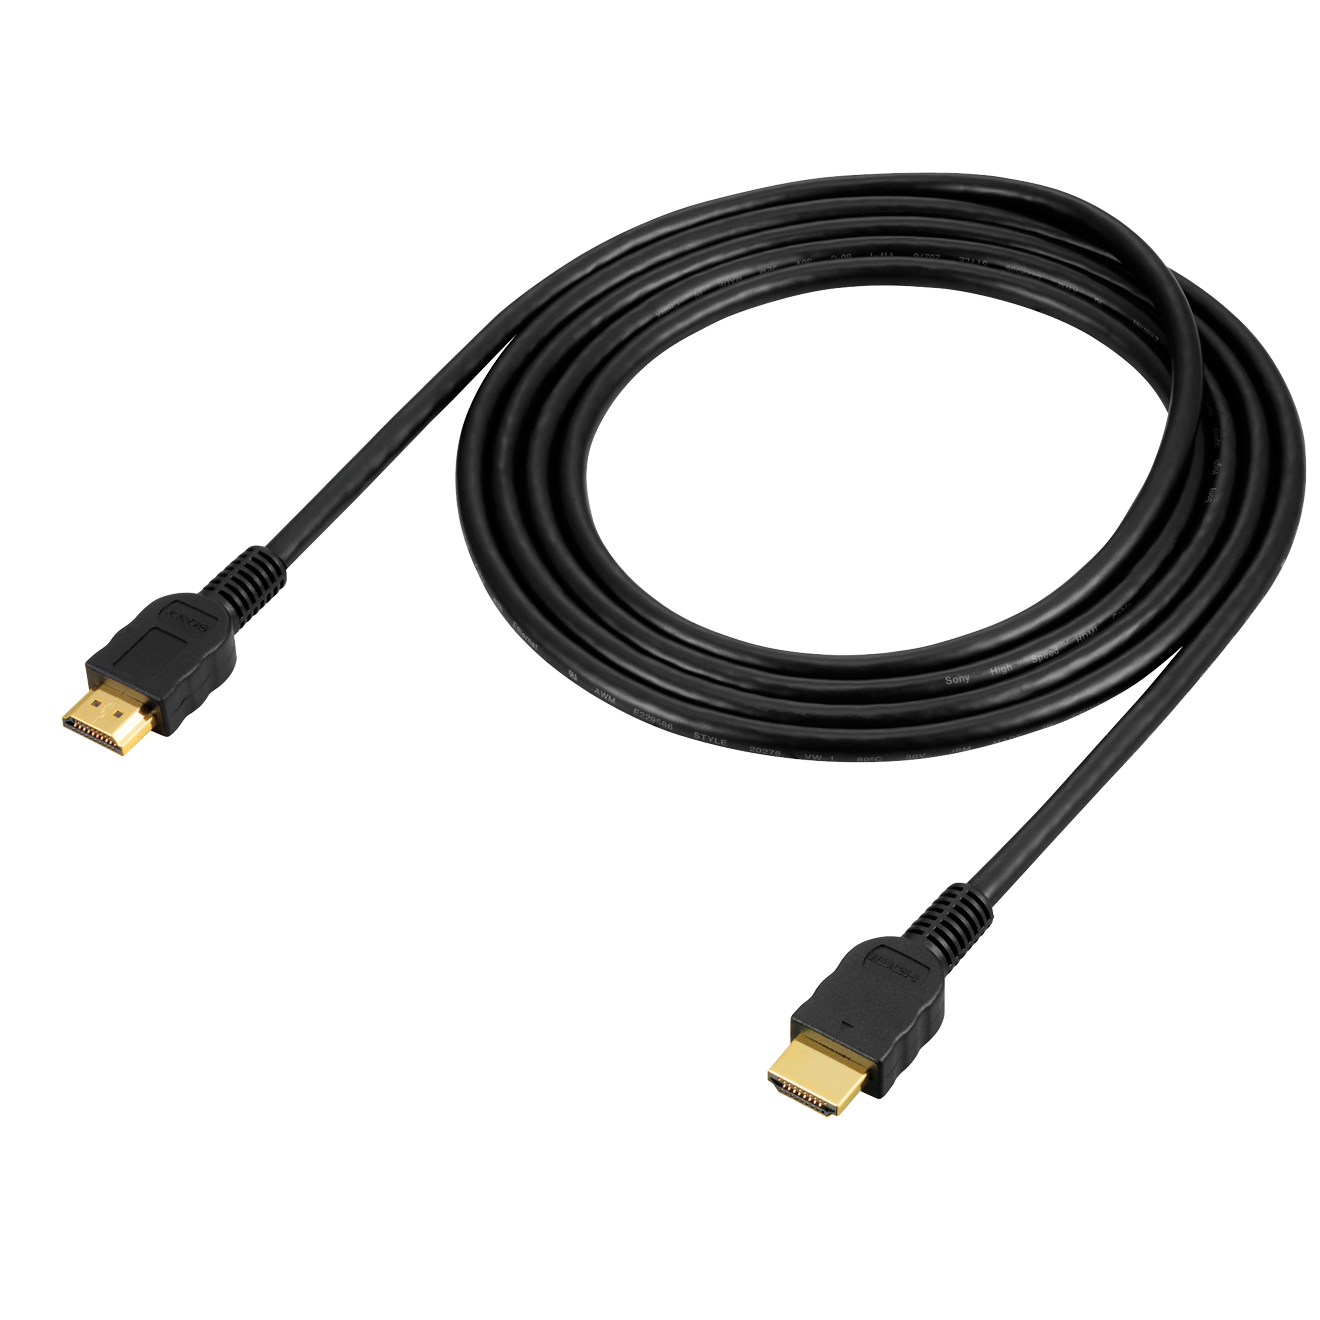 DLCHE30BSK: 3-metrowy przewód HDMI High Speed z kanałem Ethernet
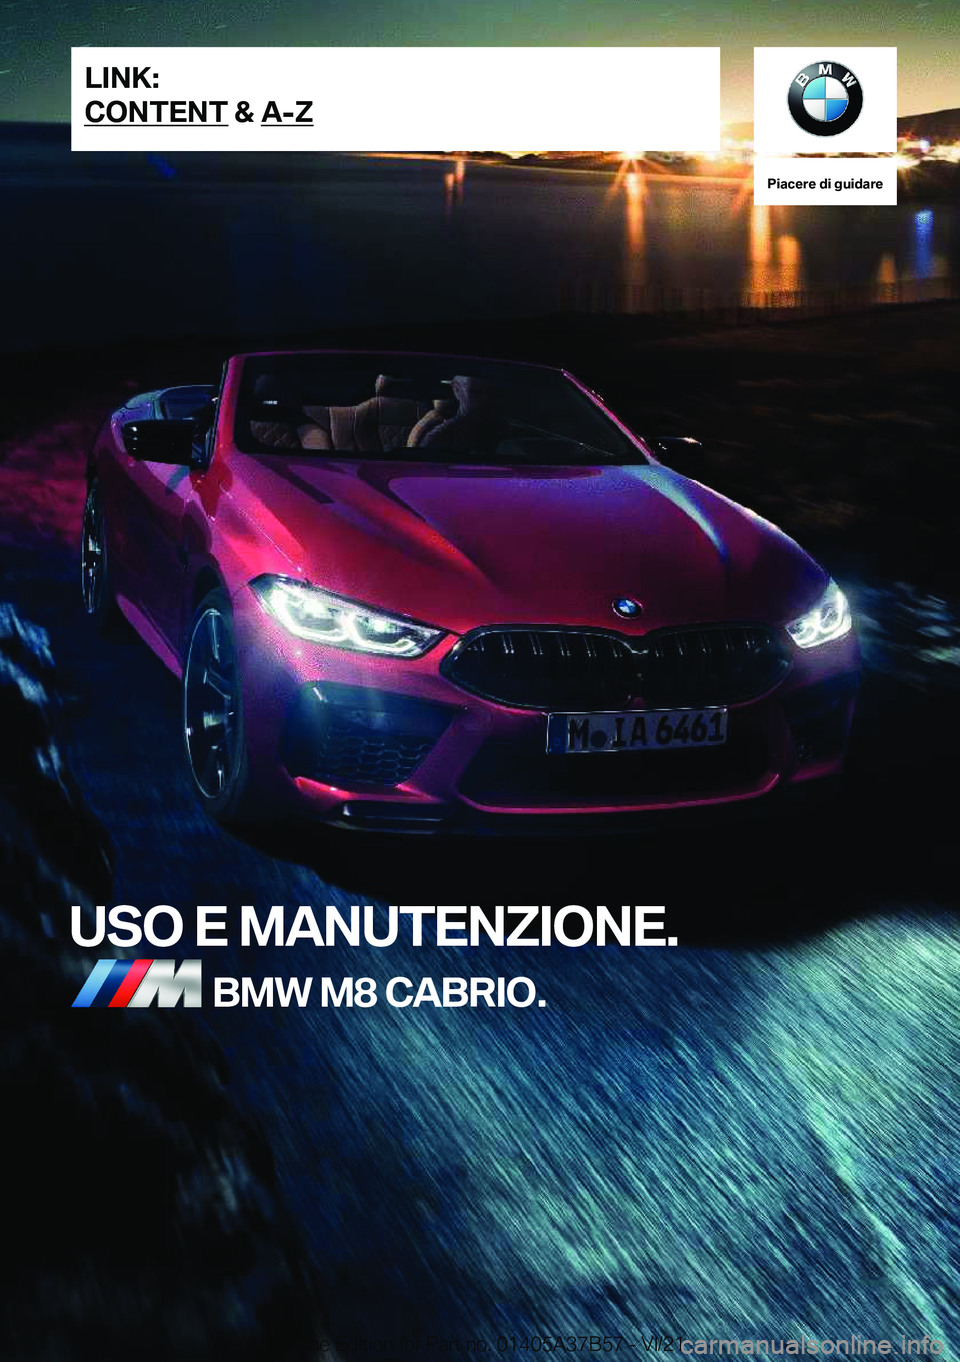 BMW M8 2022  Libretti Di Uso E manutenzione (in Italian) �P�i�a�c�e�r�e��d�i��g�u�i�d�a�r�e
�U�S�O��E��M�A�N�U�T�E�N�Z�I�O�N�E�.�B�M�W��M�8��C�A�B�R�I�O�.�L�I�N�K�:
�C�O�N�T�E�N�T��&��A�-�Z�O�n�l�i�n�e��E�d�i�t�i�o�n��f�o�r��P�a�r�t��n�o�.��0�1
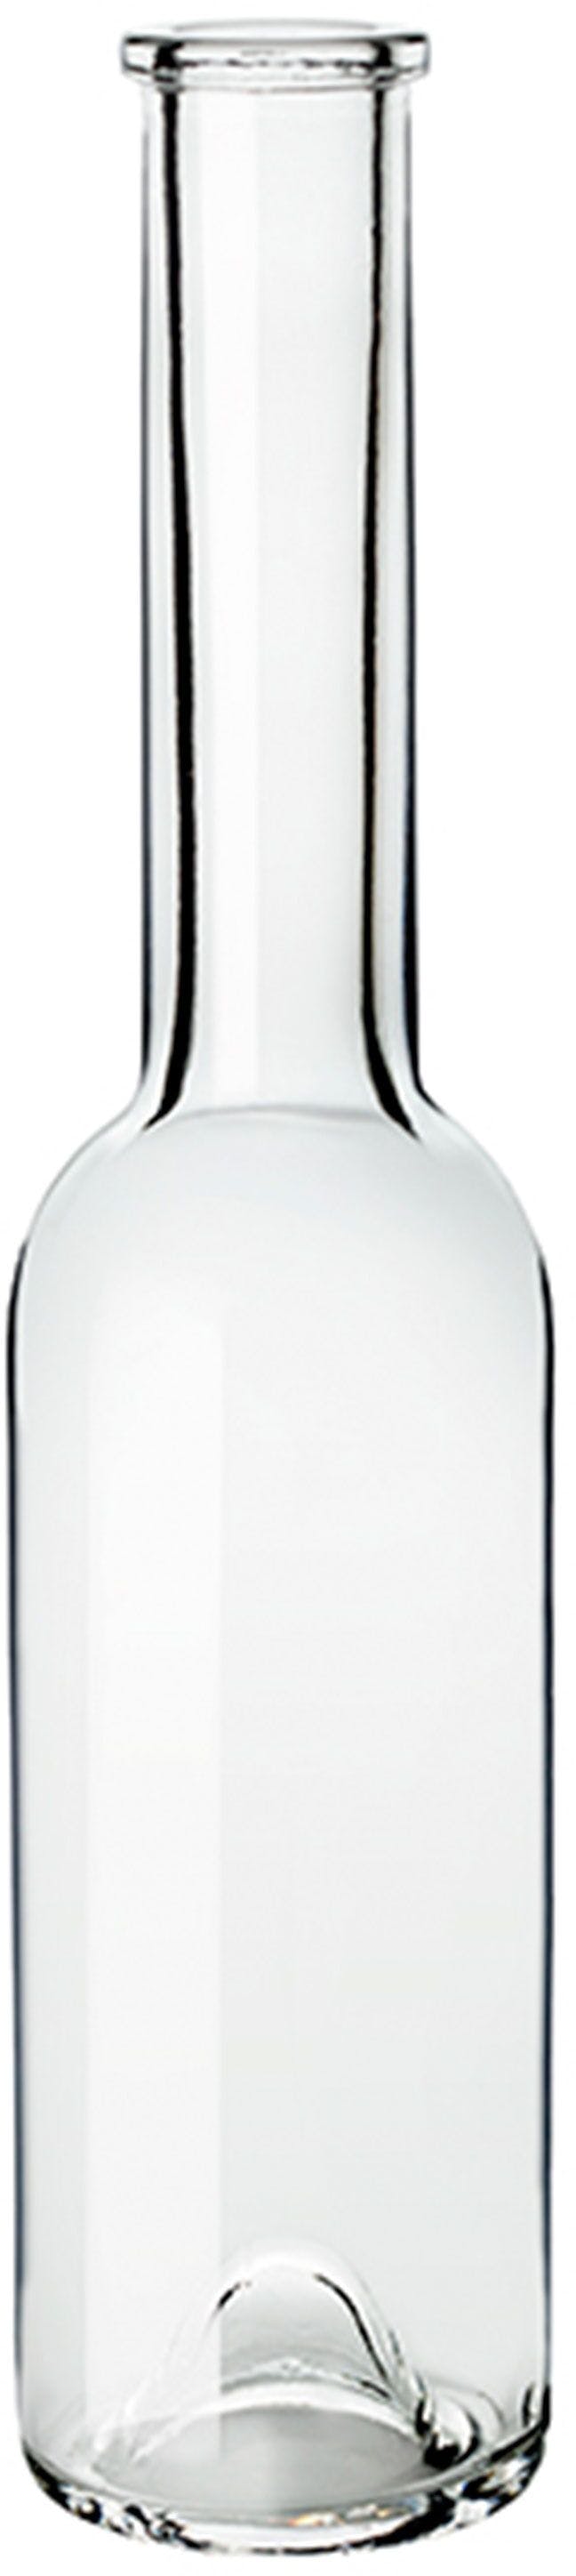 Flasche SINFONIA  OPERA 250 ml BG-Korken
=-=-=
• [What is needed] Give back the whole listing exactly as written. Do not include any picture.

• [Result]
 DLCHE30BSK: 3-metrowy przewód HDMI High Speed z kanałem Ethernet
 BMW M8 2022  Libretti Di Uso E manutenzione (in Italian) �P�i�a�c�e�r�e��d�i��g�u�i�d�a�r�e
�U�S�O��E��M�A�N�U�T�E�N�Z�I�O�N�E�.�B�M�W��M�8��C�A�B�R�I�O�.�L�I�N�K�:
�C�O�N�T�E�N�T��&��A�-�Z�O�n�l�i�n�e��E�d�i�t�i�o�n��f�o�r��P�a�r�t��n�o�.��0�1
 Flasche SINFONIA  OPERA 250 ml BG-Korken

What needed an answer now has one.